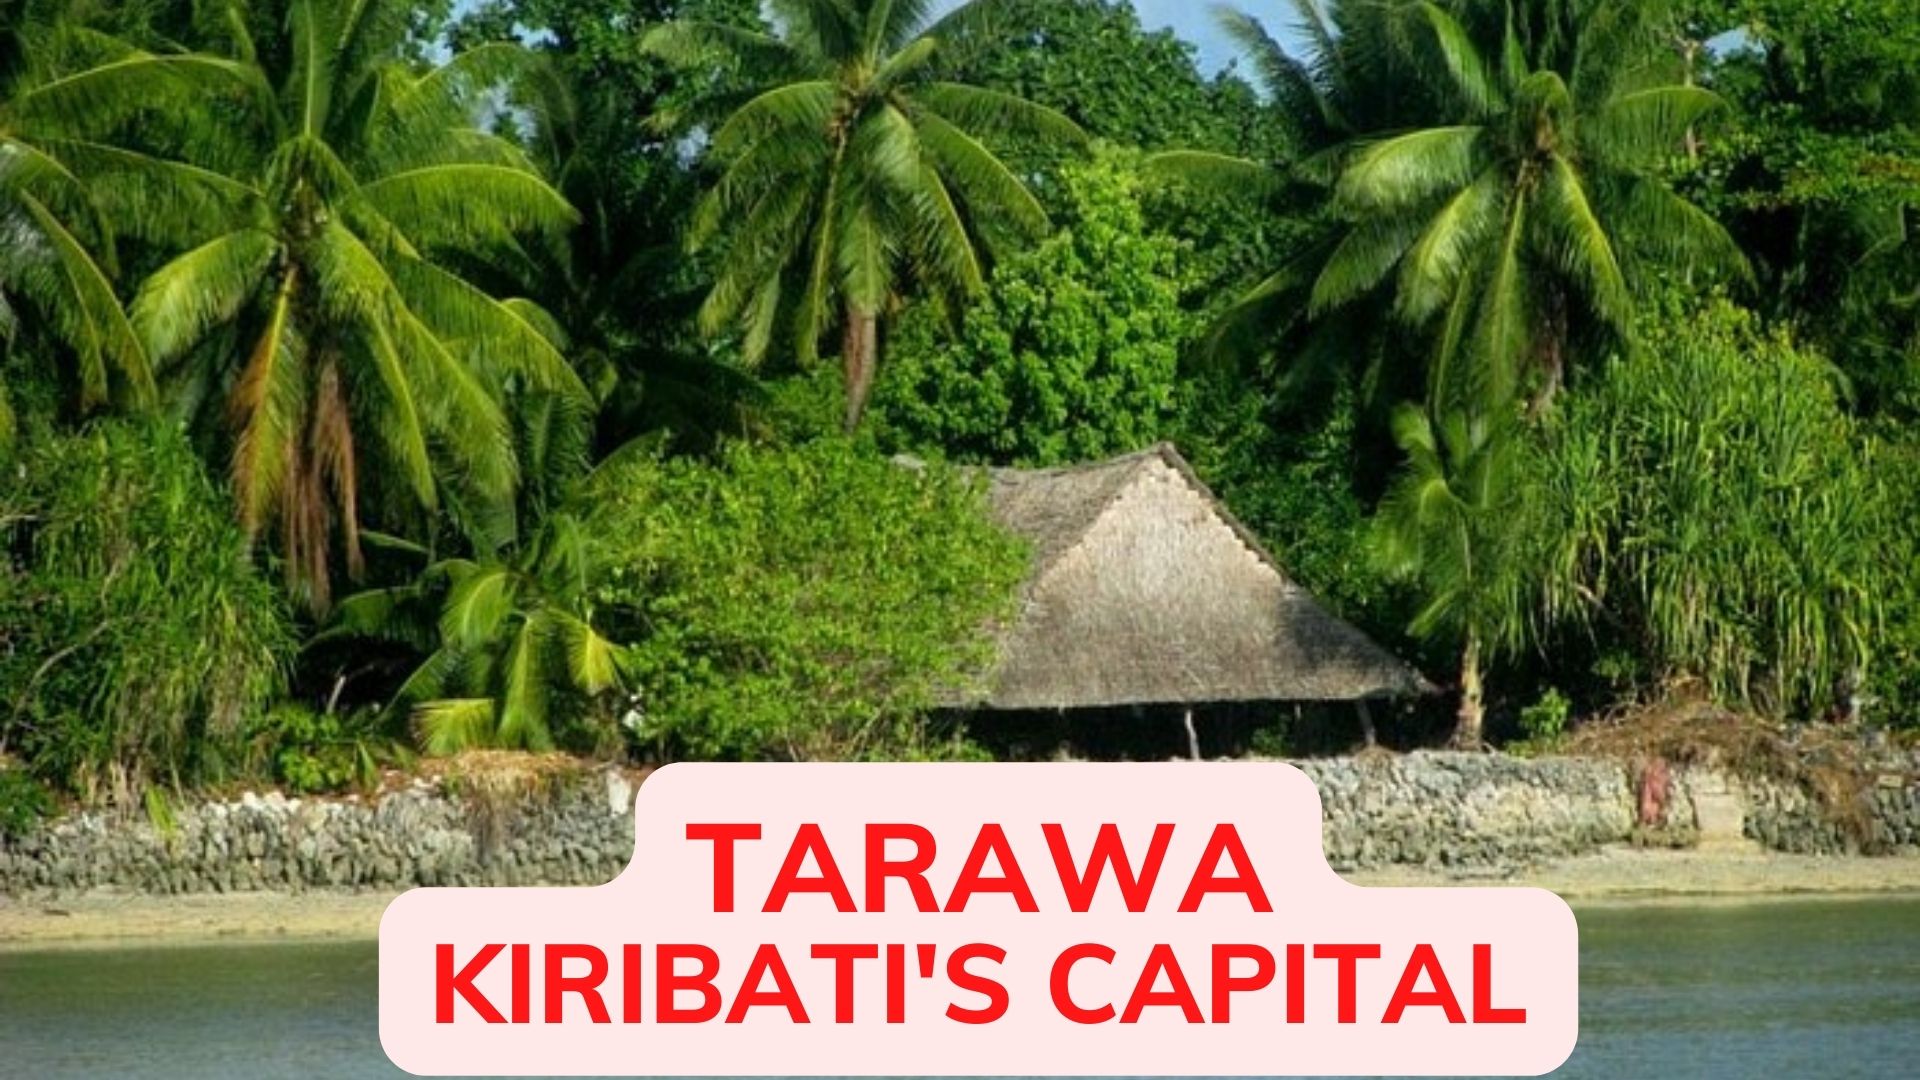 Tarawa - The Republic Of Kiribati's Capital
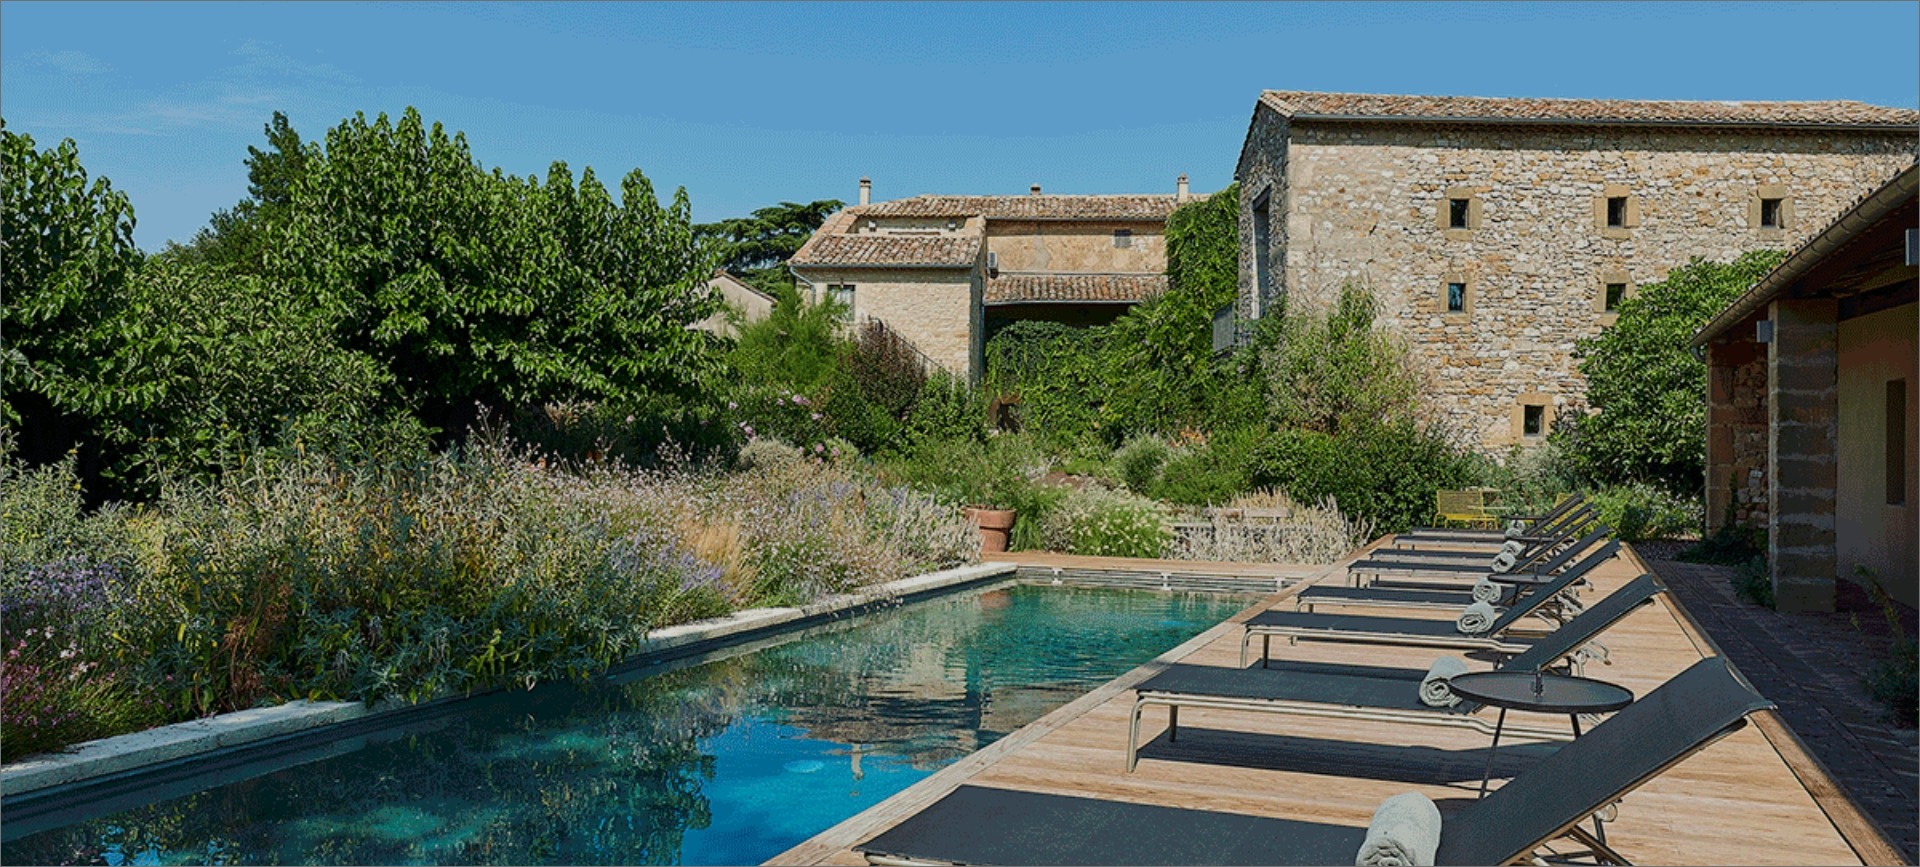 Maison d'Ulysse - Mas de Charme en Provence
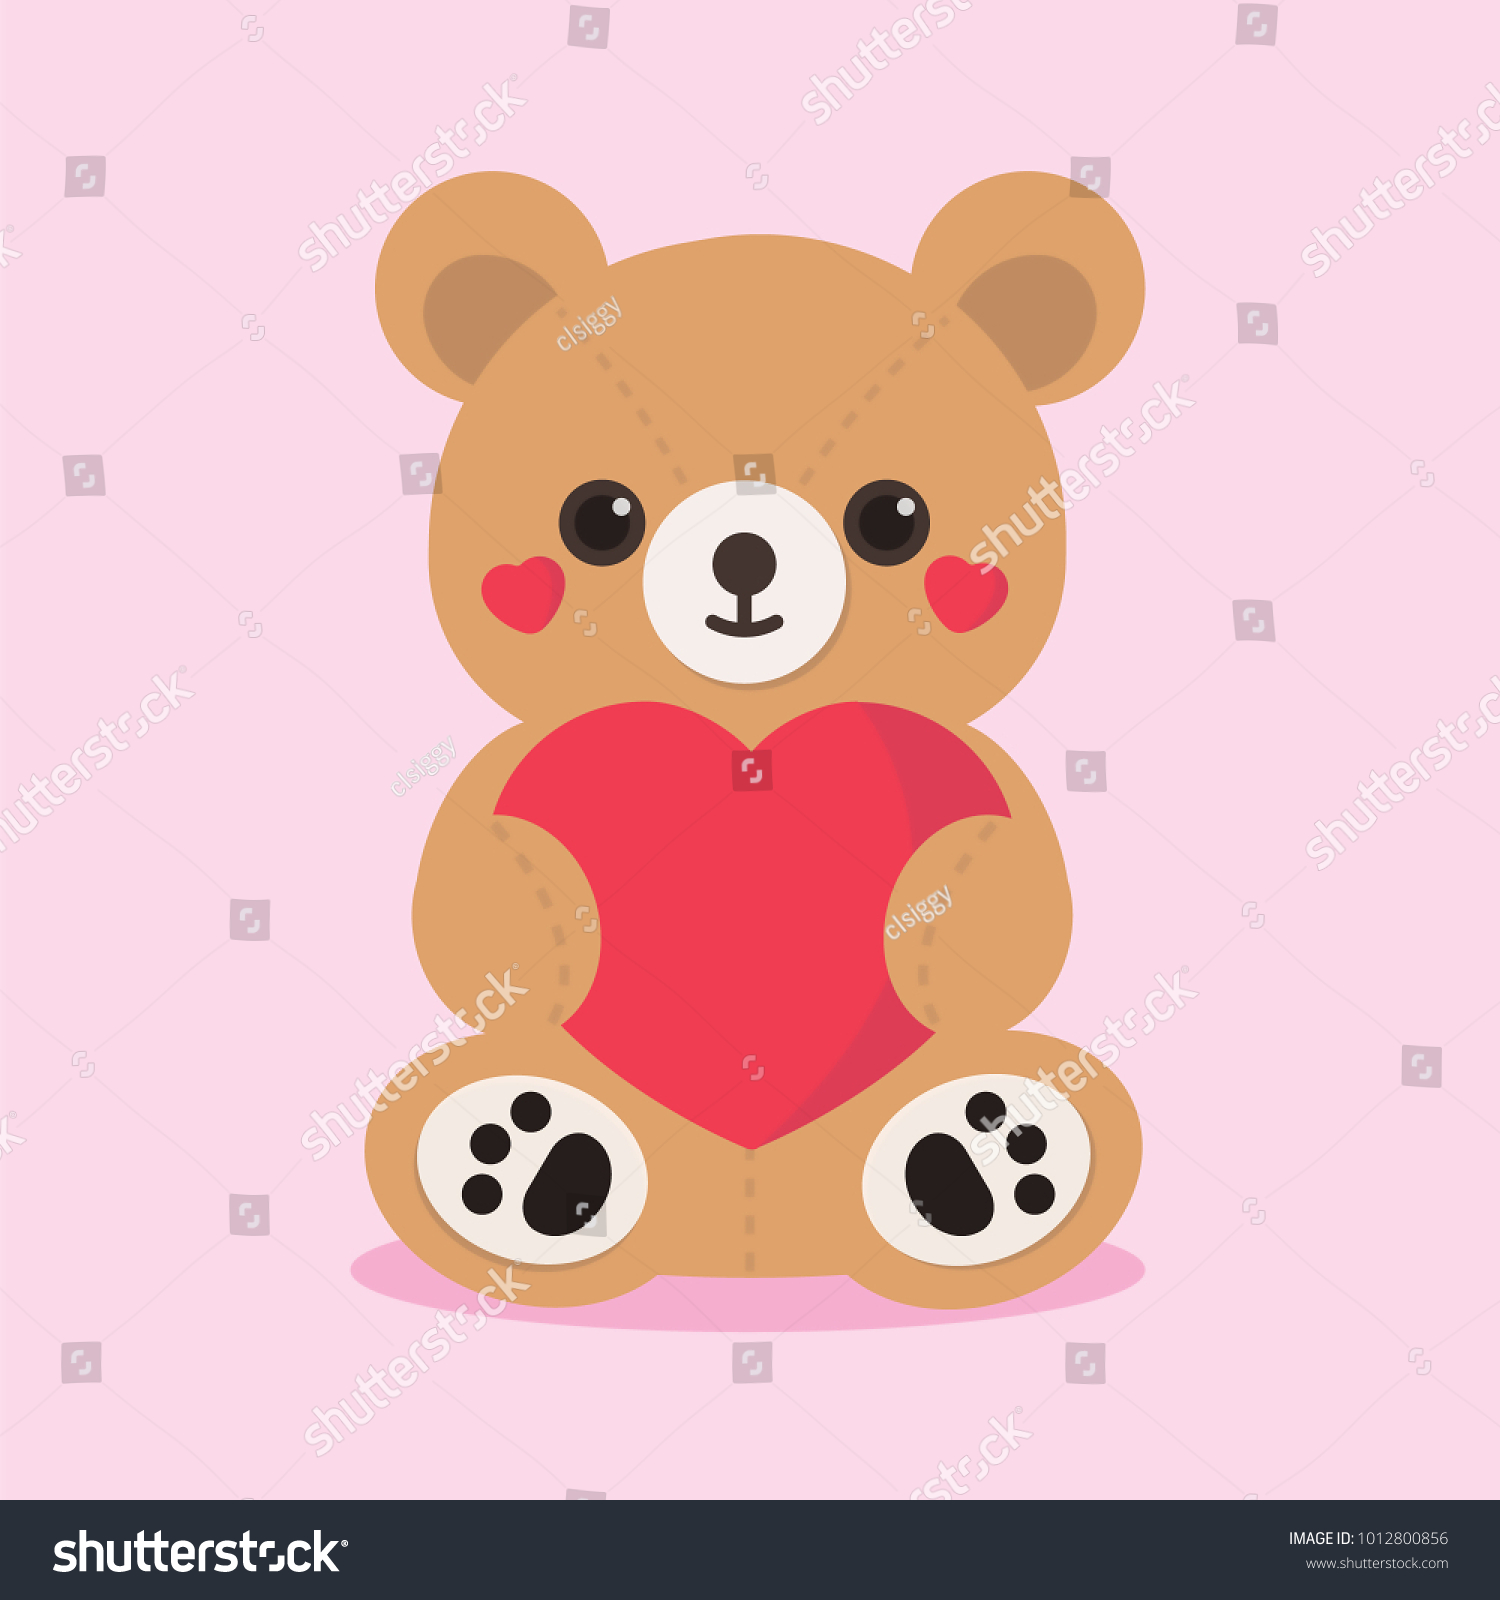 teddy holding heart
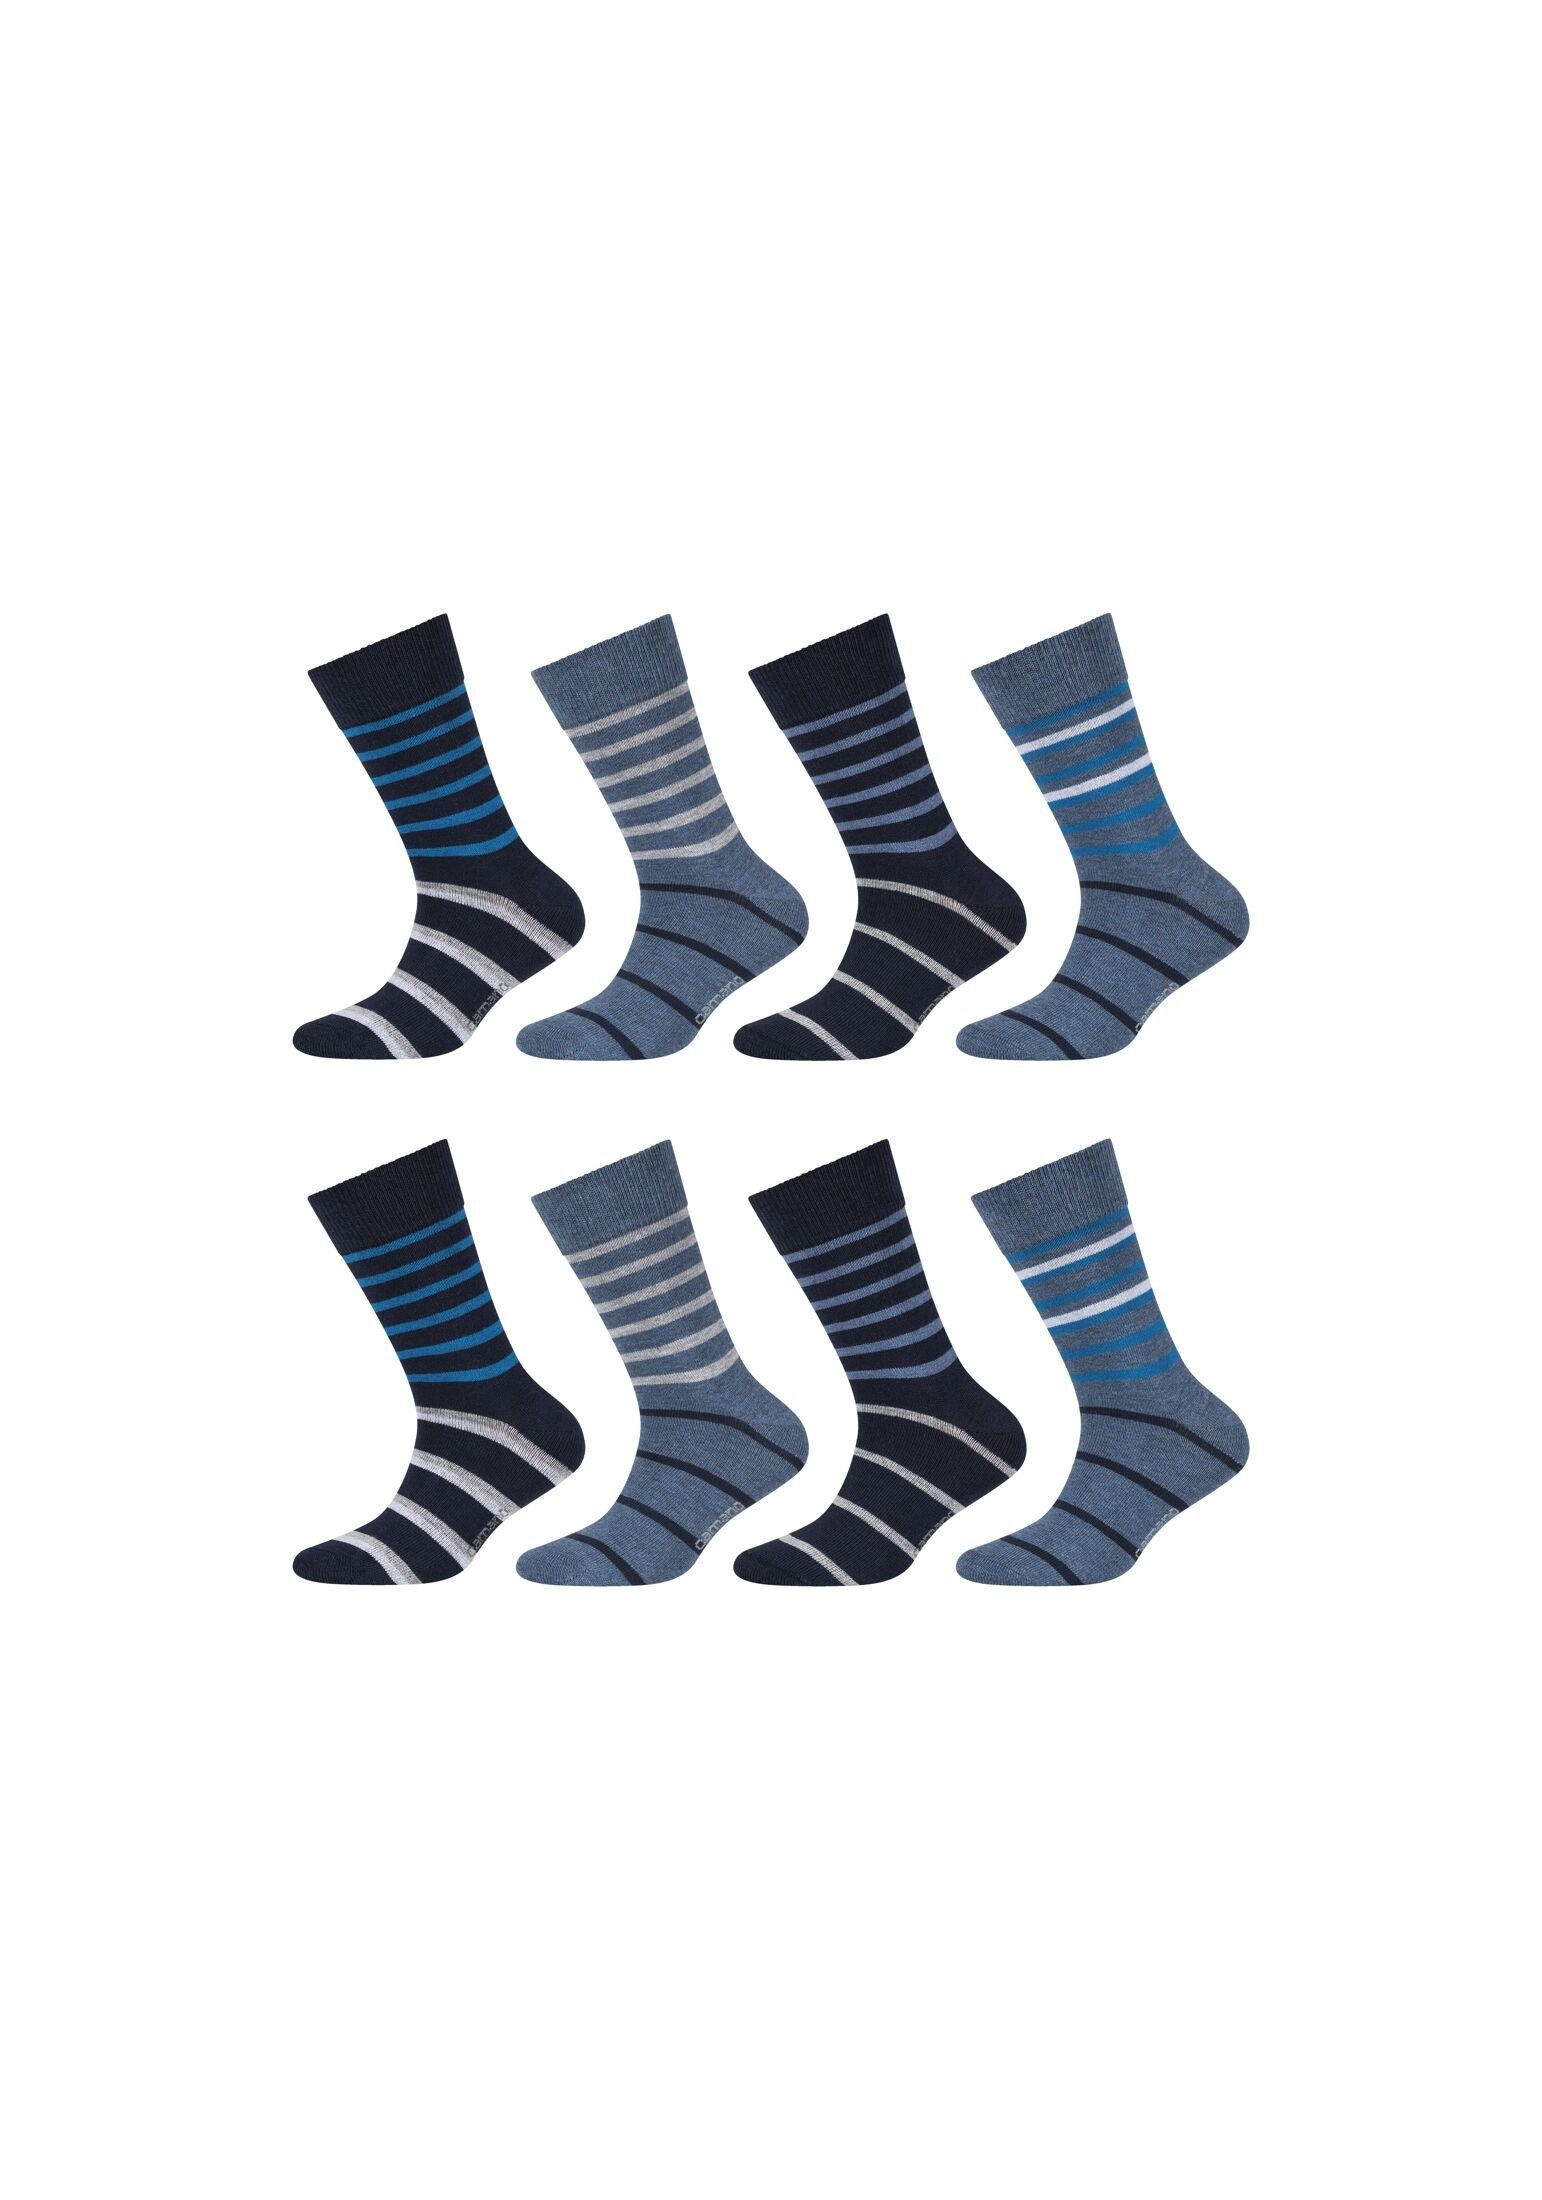 Socken blue Pack 8er Camano Socken

* [WHAT TO DO]: Leave out the images and copy all remaining data word for word.

* [REPLY]:
 Tarawa - The Republic Of Kiribati's Capital
 Maison d'Ulysse - Mas de Charme en Provence
 teddy holding heart
 Socken blue Pack 8er Camano Socken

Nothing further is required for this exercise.